9.     Today, if the culture is such that a woman who is not covered by a veil is considered to be immoral or showing disrespect for her husband, it would be wise to honour the local custom.
10. Or if some other “symbol” is used in a particular custom to show a woman’s submission to her husband, then it would be preferable to follow the custom.
 ____________________________________
                                                               
In first century culture, it was considered a mark of respect for a man to remove his turban in the presence of a superior. Similarly, a man should remove his head covering when he came into God's presence in prayer. Additionally, it was the custom of pagan men to cover themselves while praying, so as to avoid distractions. Thus, men should remove their head coverings to avoid any association with paganism.

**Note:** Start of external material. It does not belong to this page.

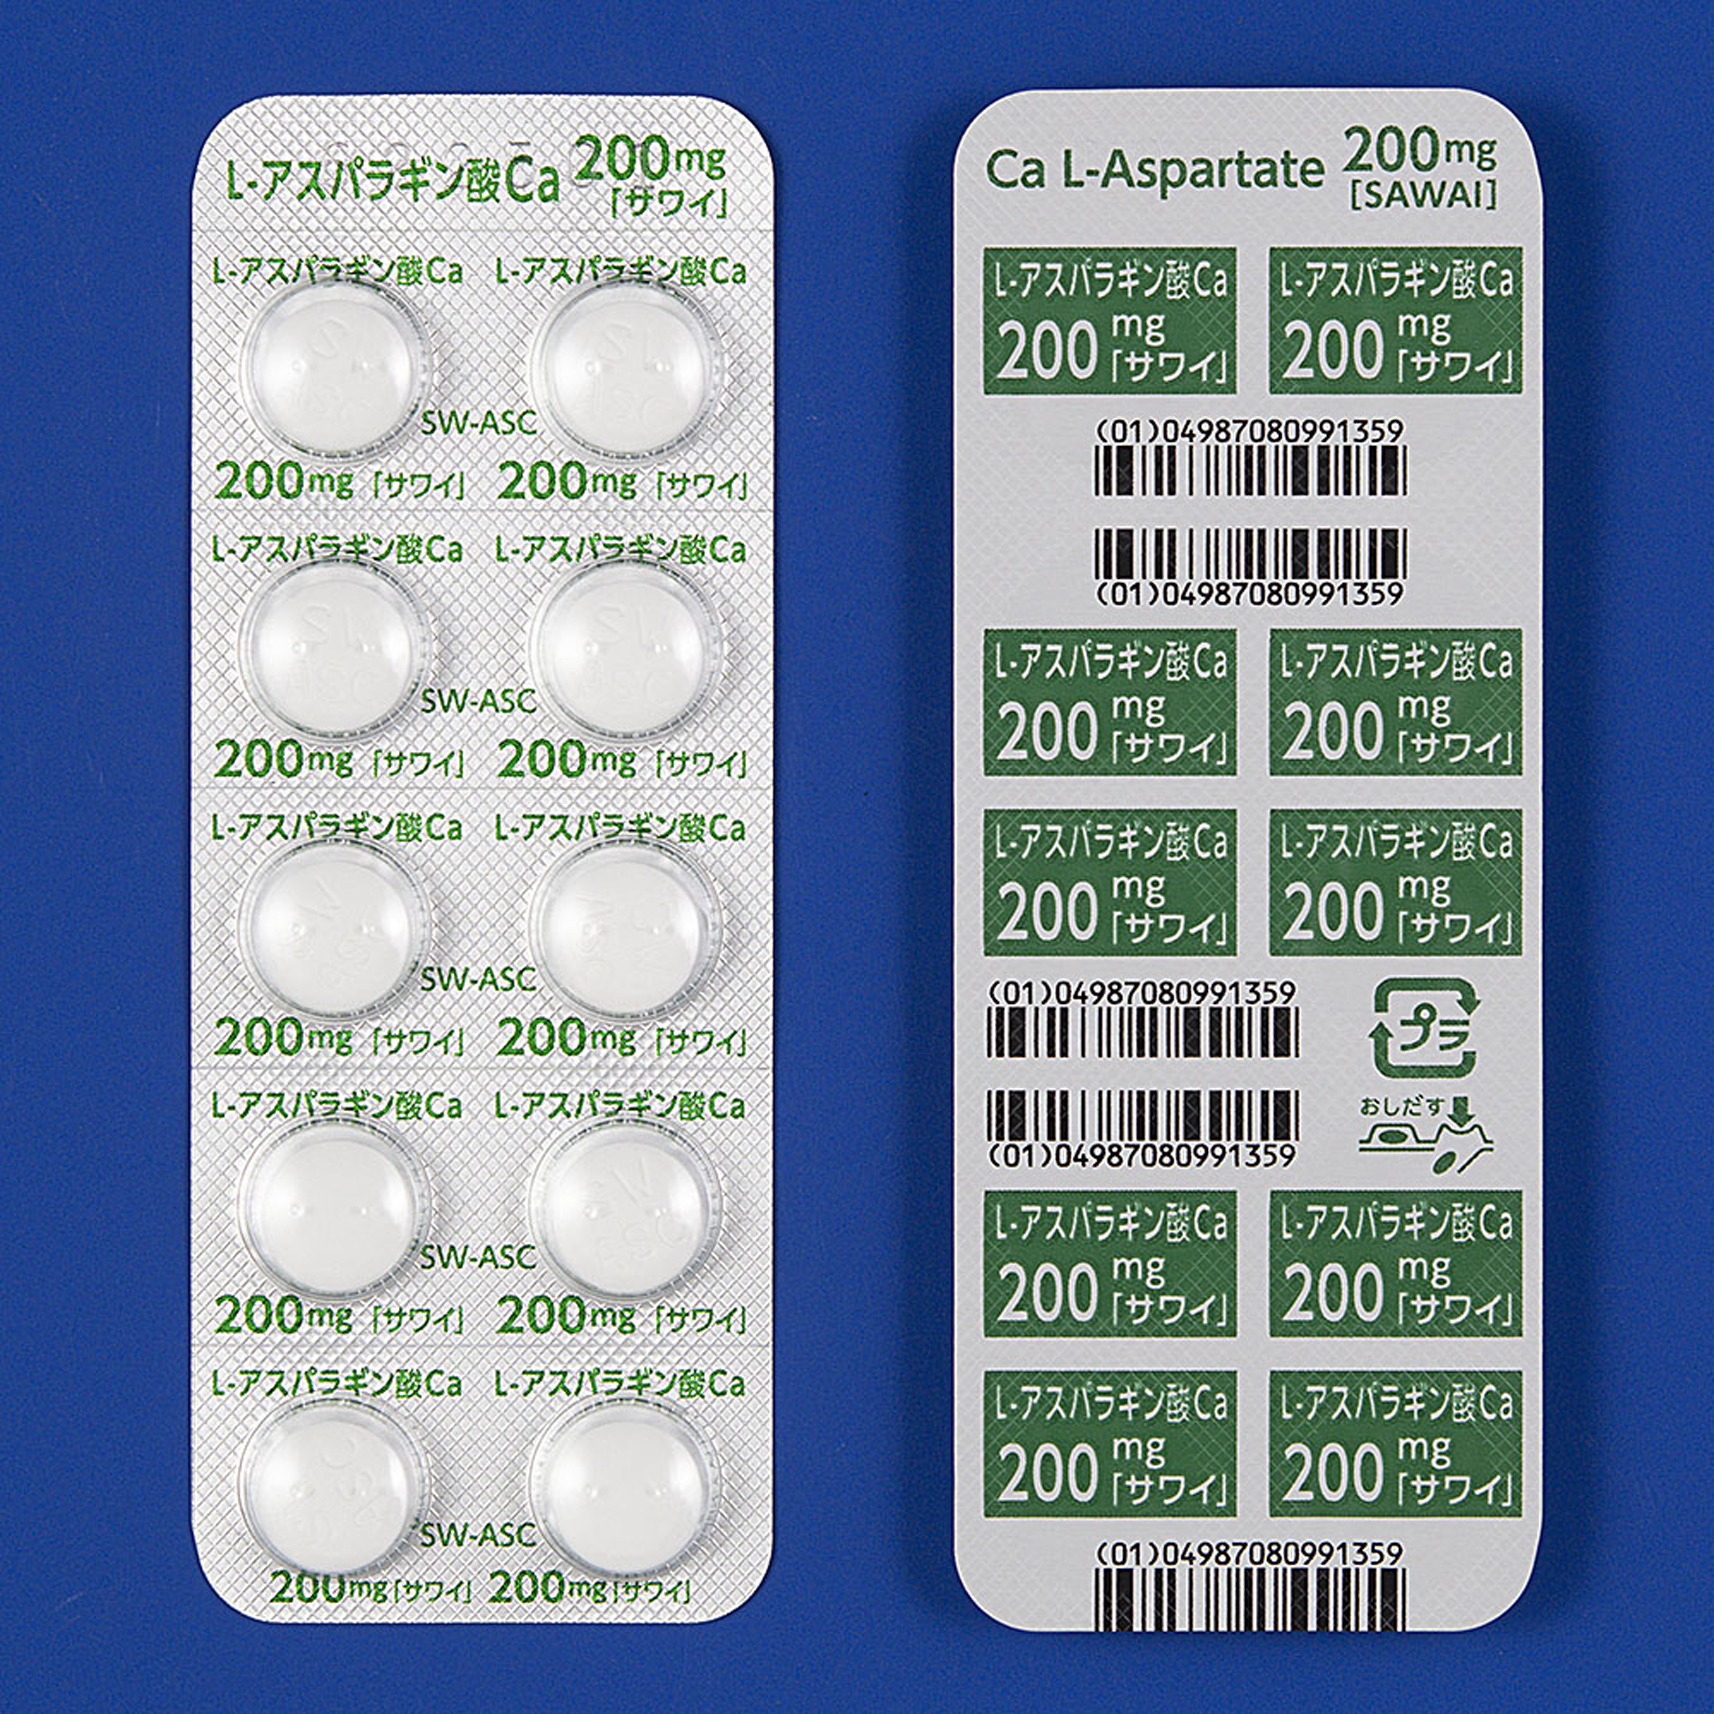 L-アスパラギン酸Ca錠200mg「サワイ」の包装画像2
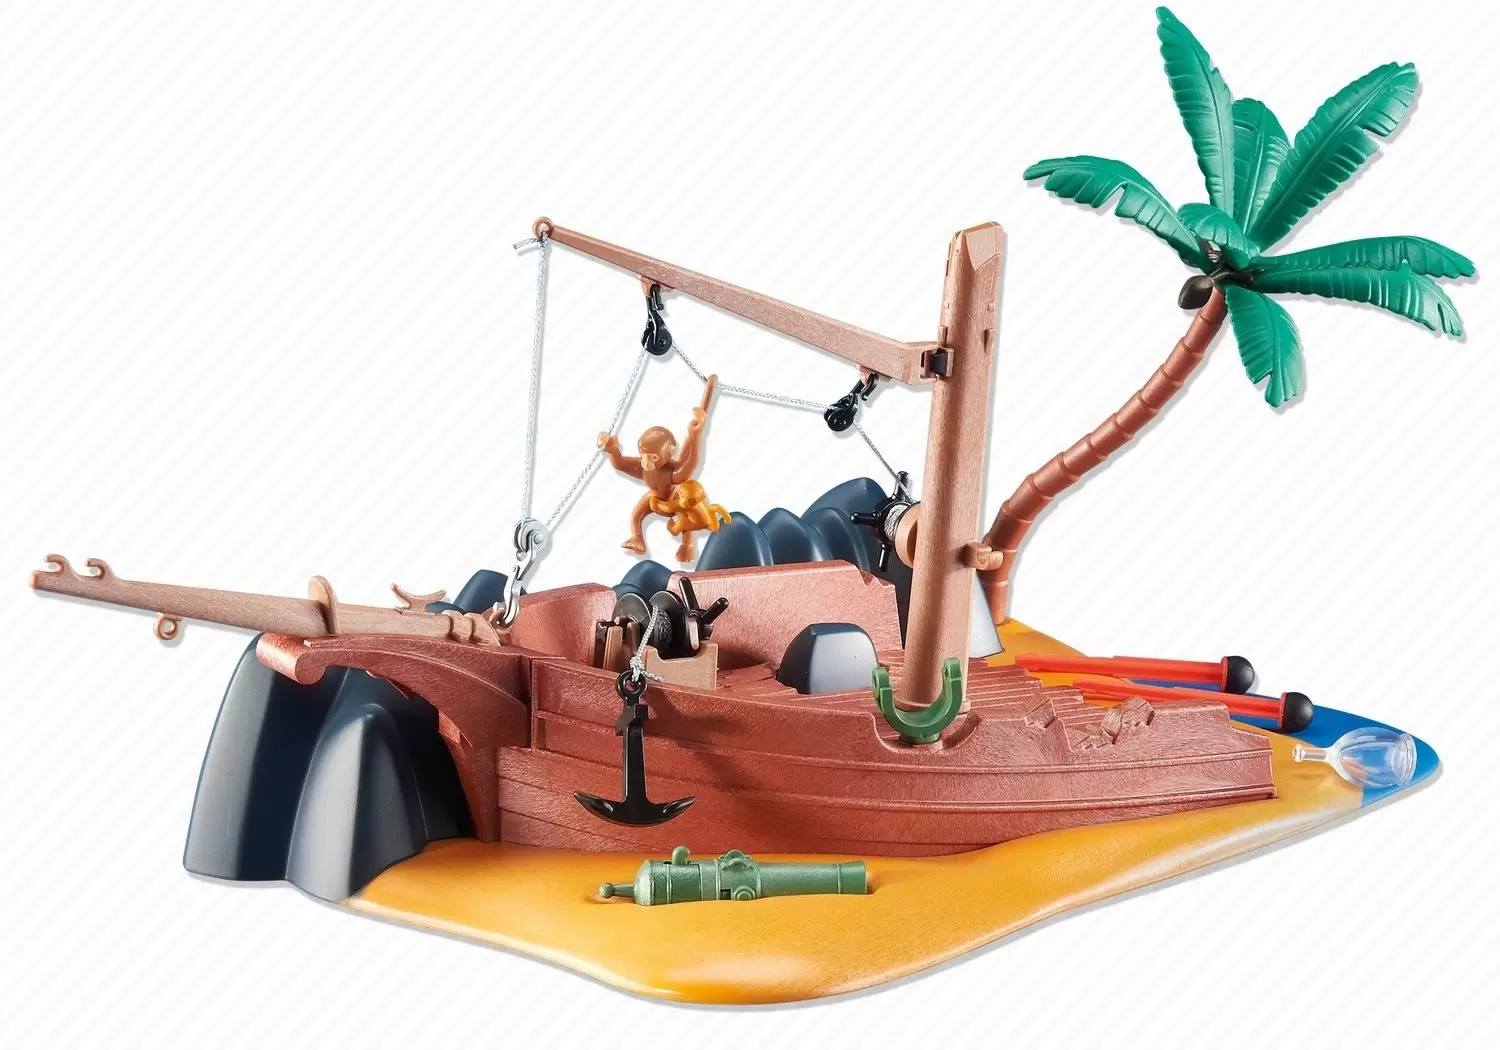 Pirate Playmobil - Beached Shipwreck

Jewish women did not normally wear veils, but reputable Greek and Roman women did. A woman's veil was a symbol of her modesty and respect for her husband. For a Corinthian woman to remove her veil in public would have been an insult to her husband and an affront to the Greek/Roman society in which she lived. Paul strongly discouraged any such rebellion or hint of scandal within the churches. In addition, some pagan priestesses removed their veils and wore their hair disheveled when prophesying. Thus, women should remain veiled while praying or prophesying to avoid any association with paganism.
It must have been a great disgrace for a woman to shave her head. So, Paul made the comparison that removing one's veil while praying or prophesying would be an equally great disgrace.